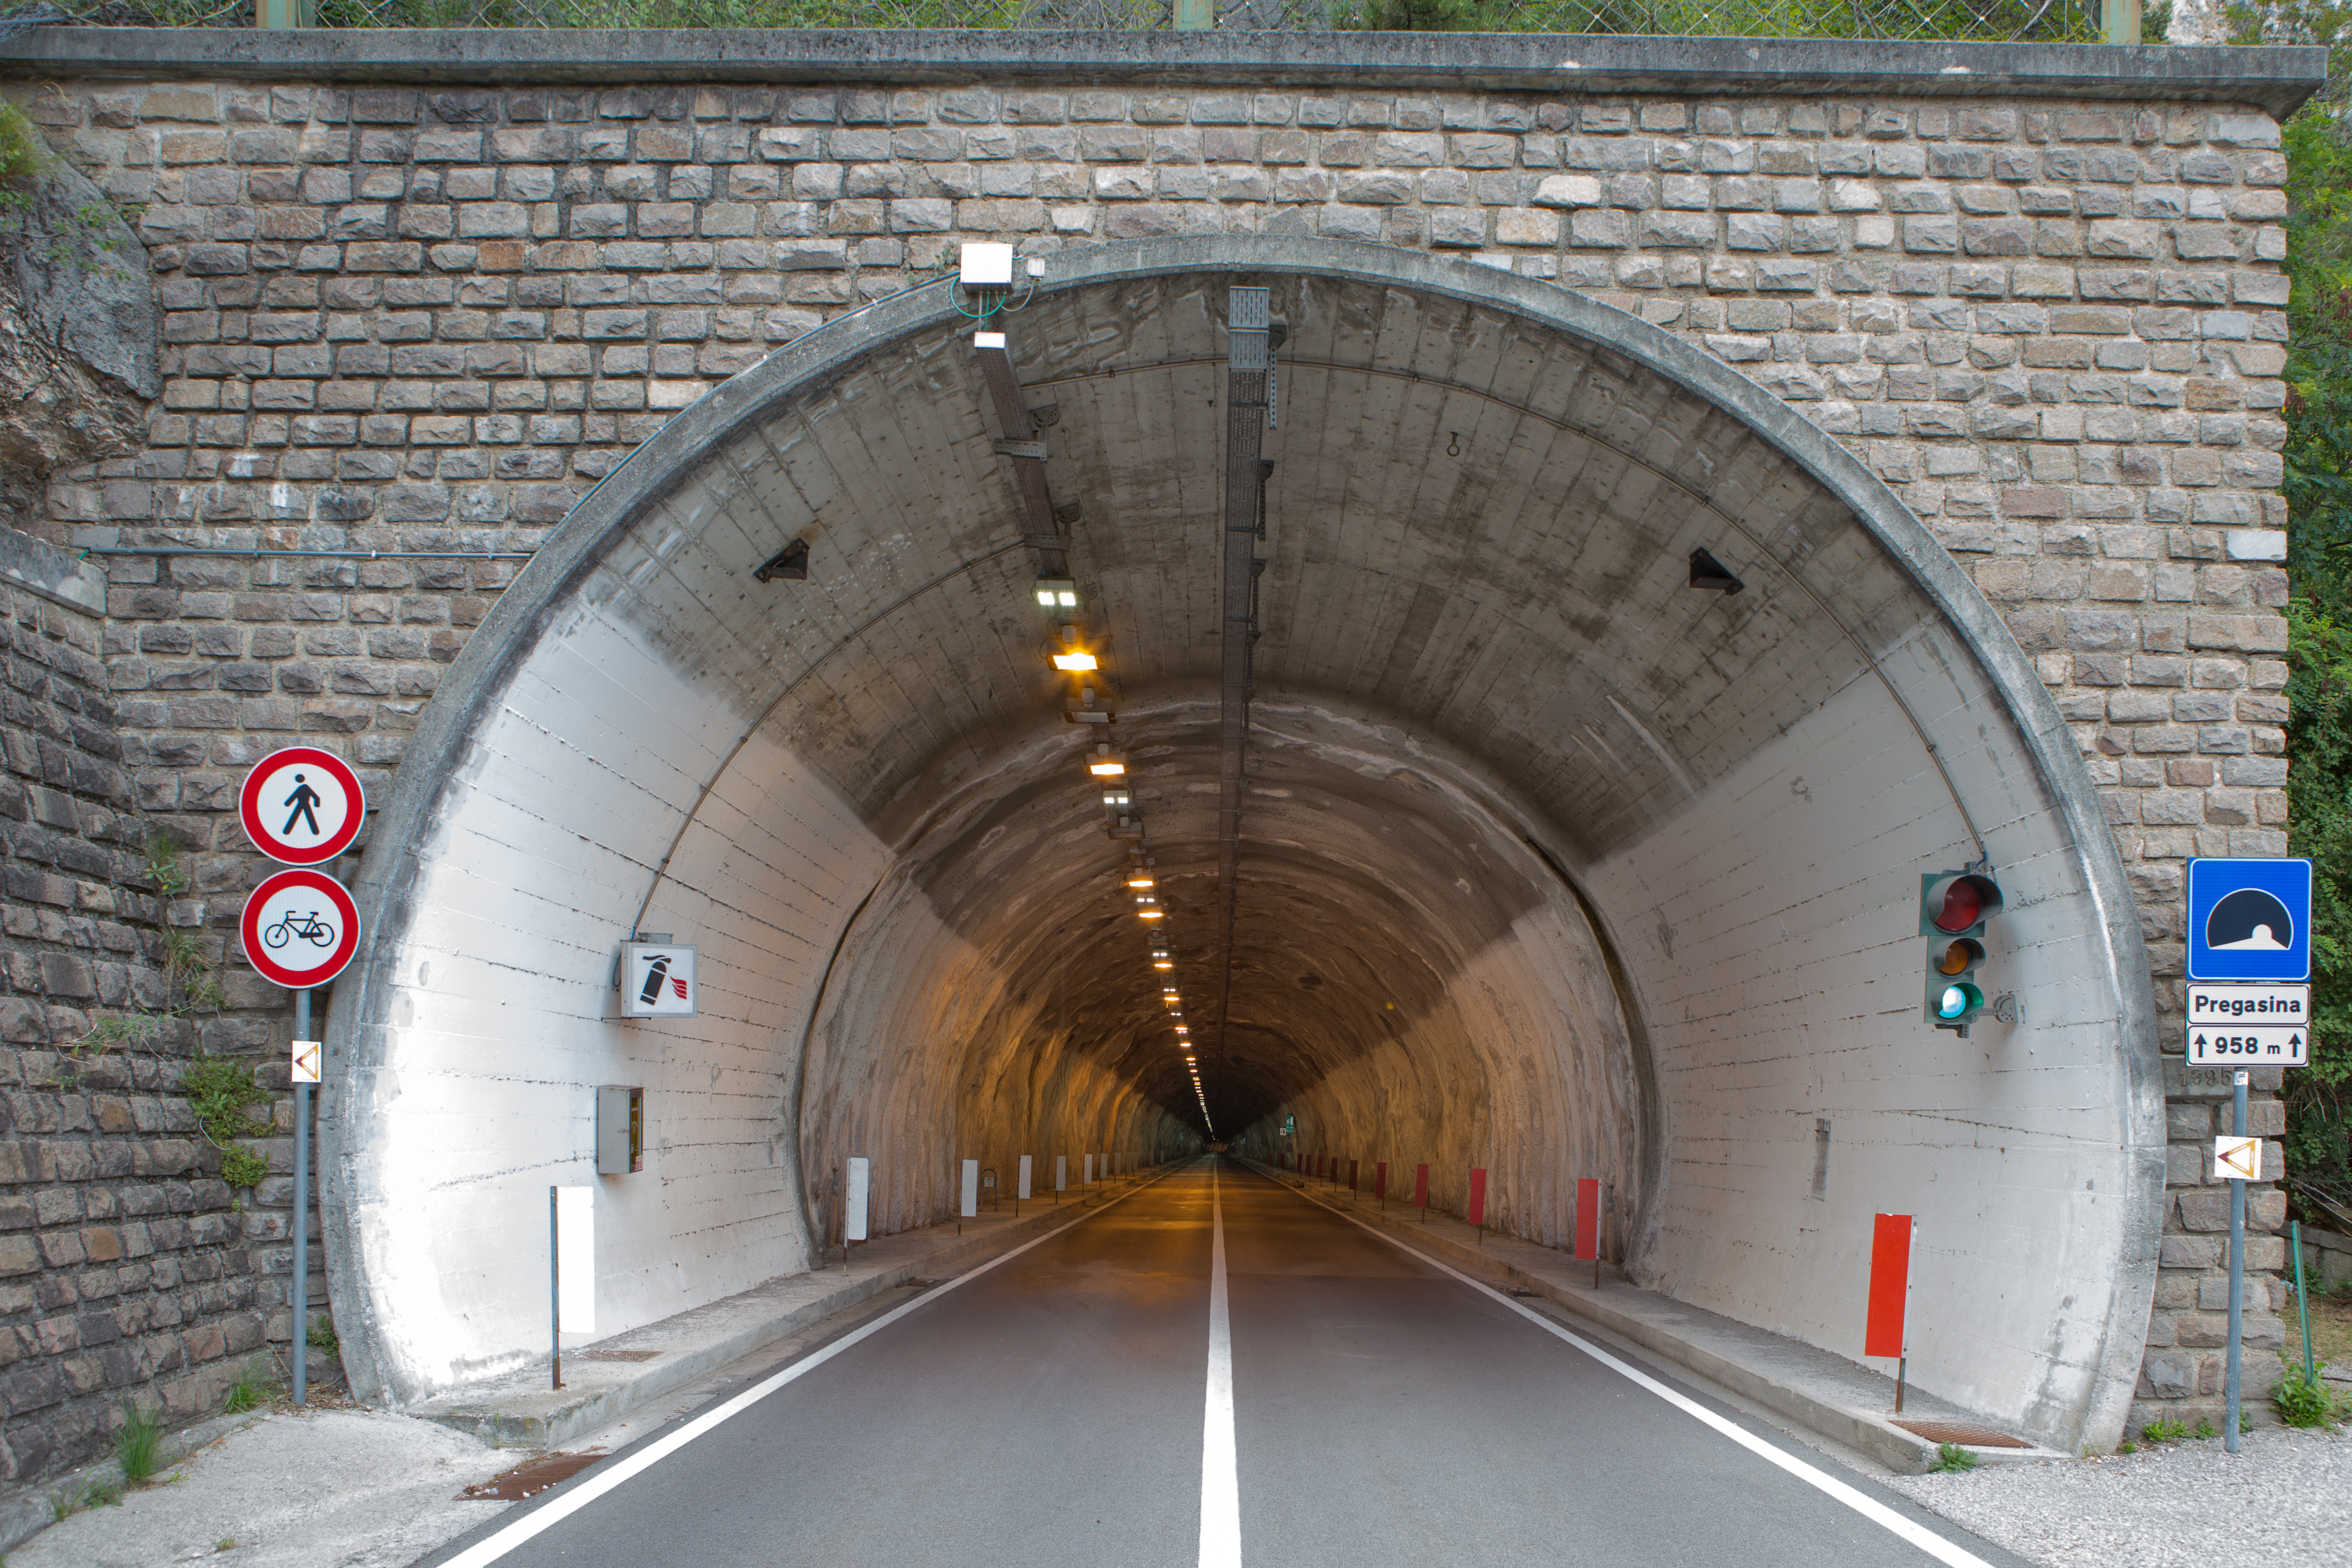 Pregasina tunnel east entrance, Pregasina, Trient, Italy
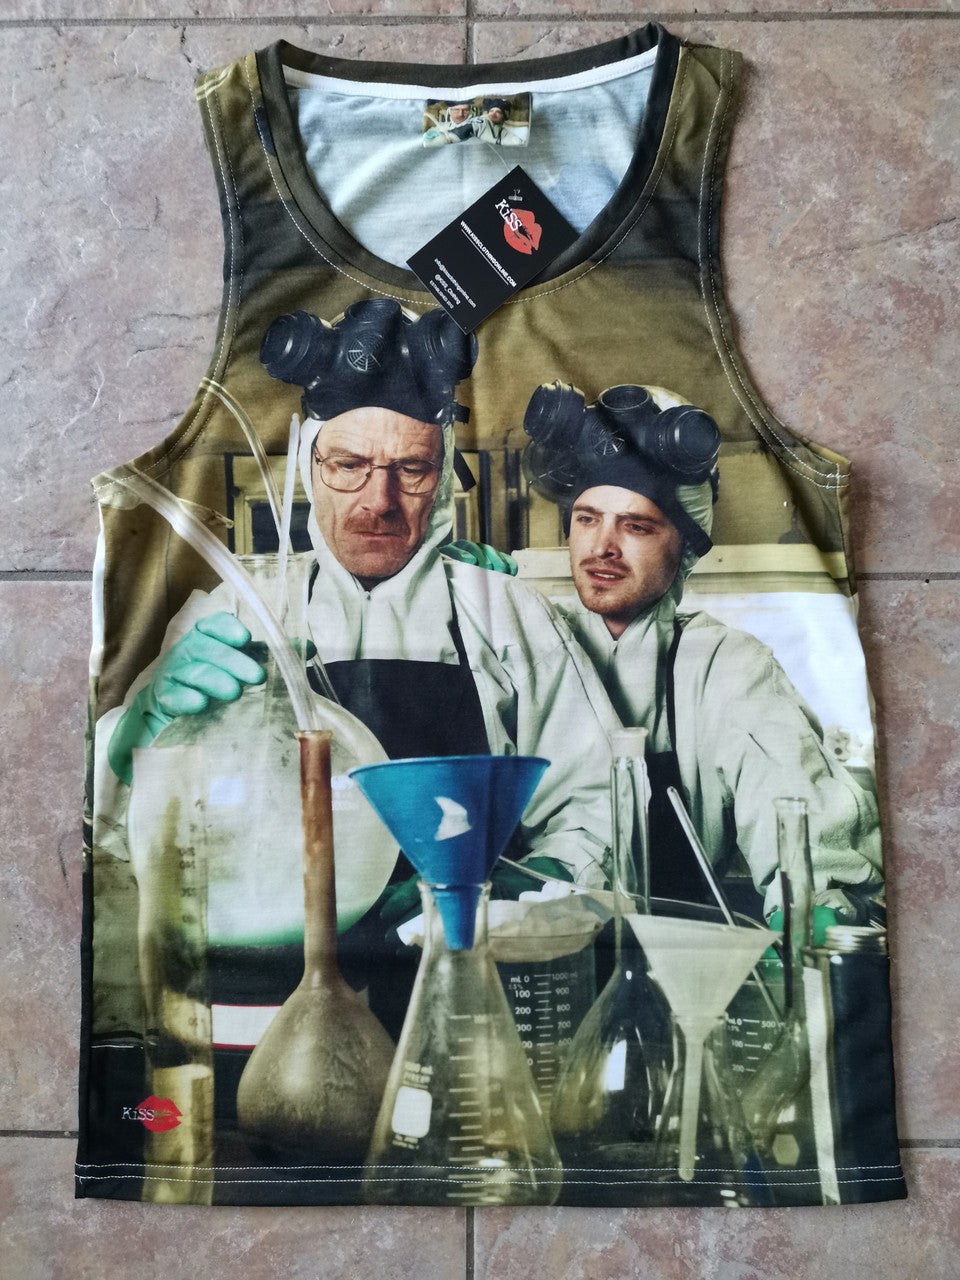 Breaking Bad KiSS Vest - Walter White Jesse Pinkman - Cooking - Heisenberg Tv show inspired
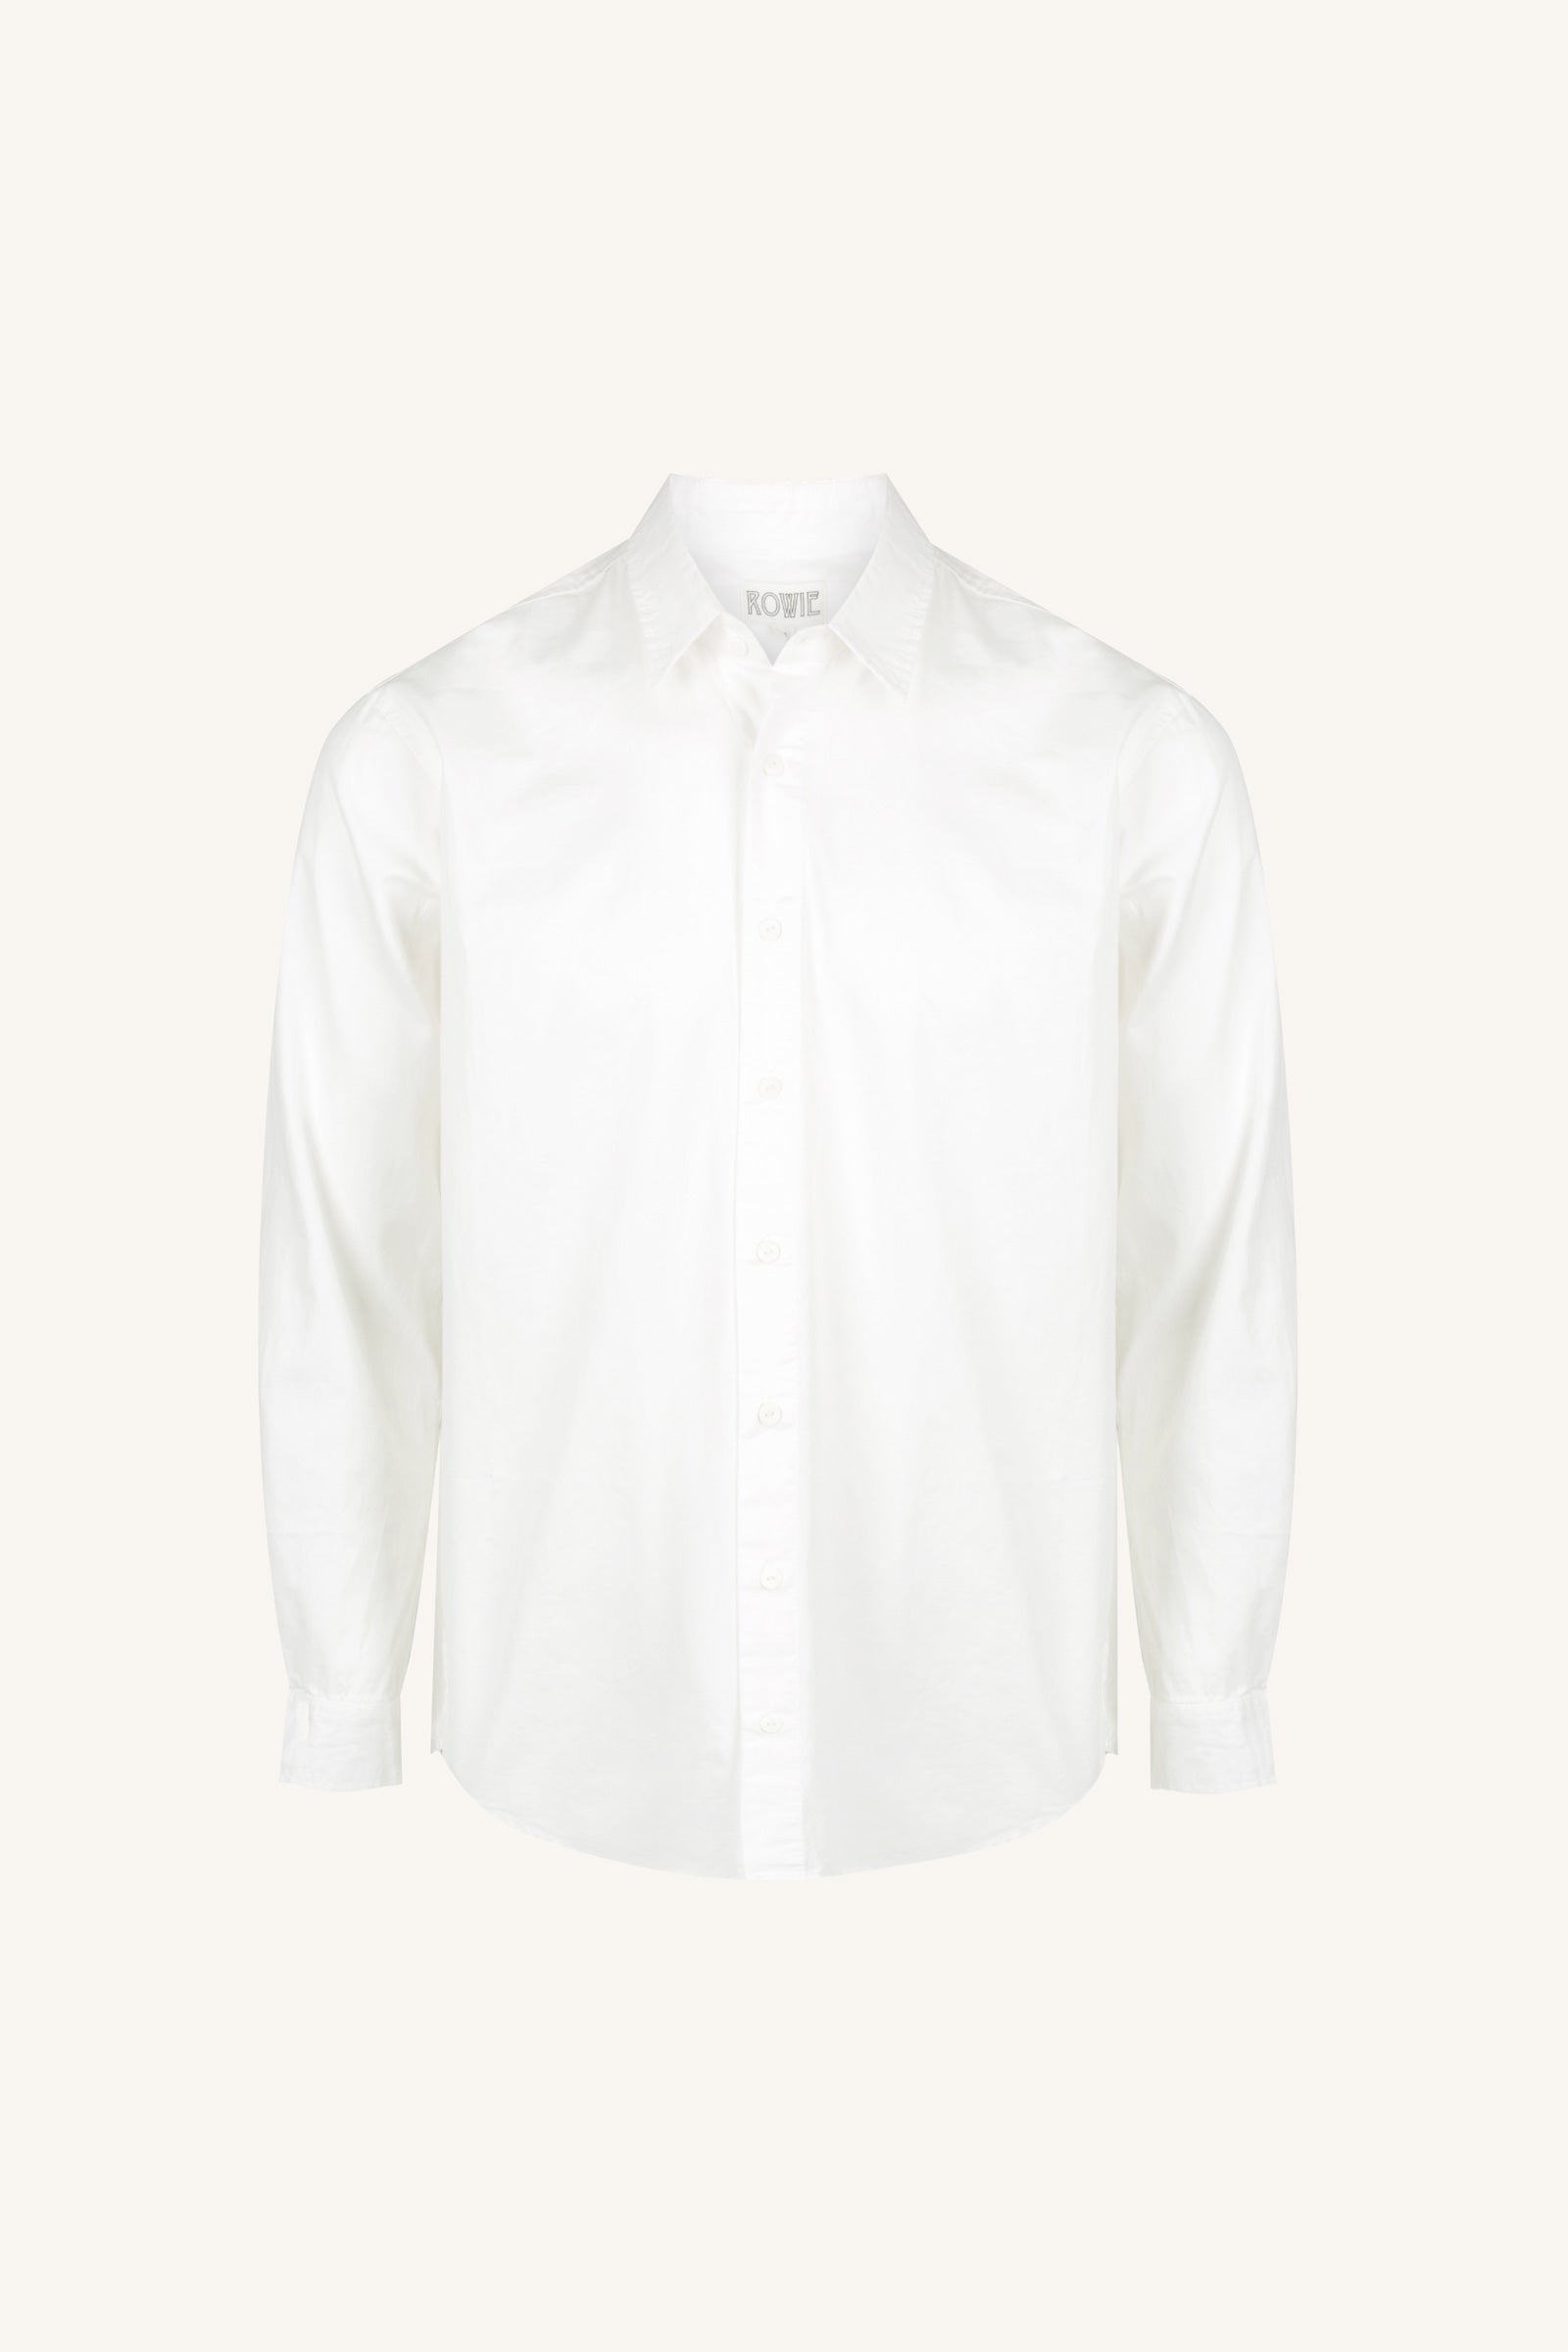 Kaine Organic Long Sleeve Shirt

------------------------------------------------

__Work order__: A verbatim copy of the material, pictures excluded, is what must be produced.

__Output for this exercise__:
 Pregasina tunnel east entrance, Pregasina, Trient, Italy
 Breaking Bad KiSS Vest - Walter White Jesse Pinkman - Cooking - Heisenberg Tv show inspired
 Kaine Organic Long Sleeve Shirt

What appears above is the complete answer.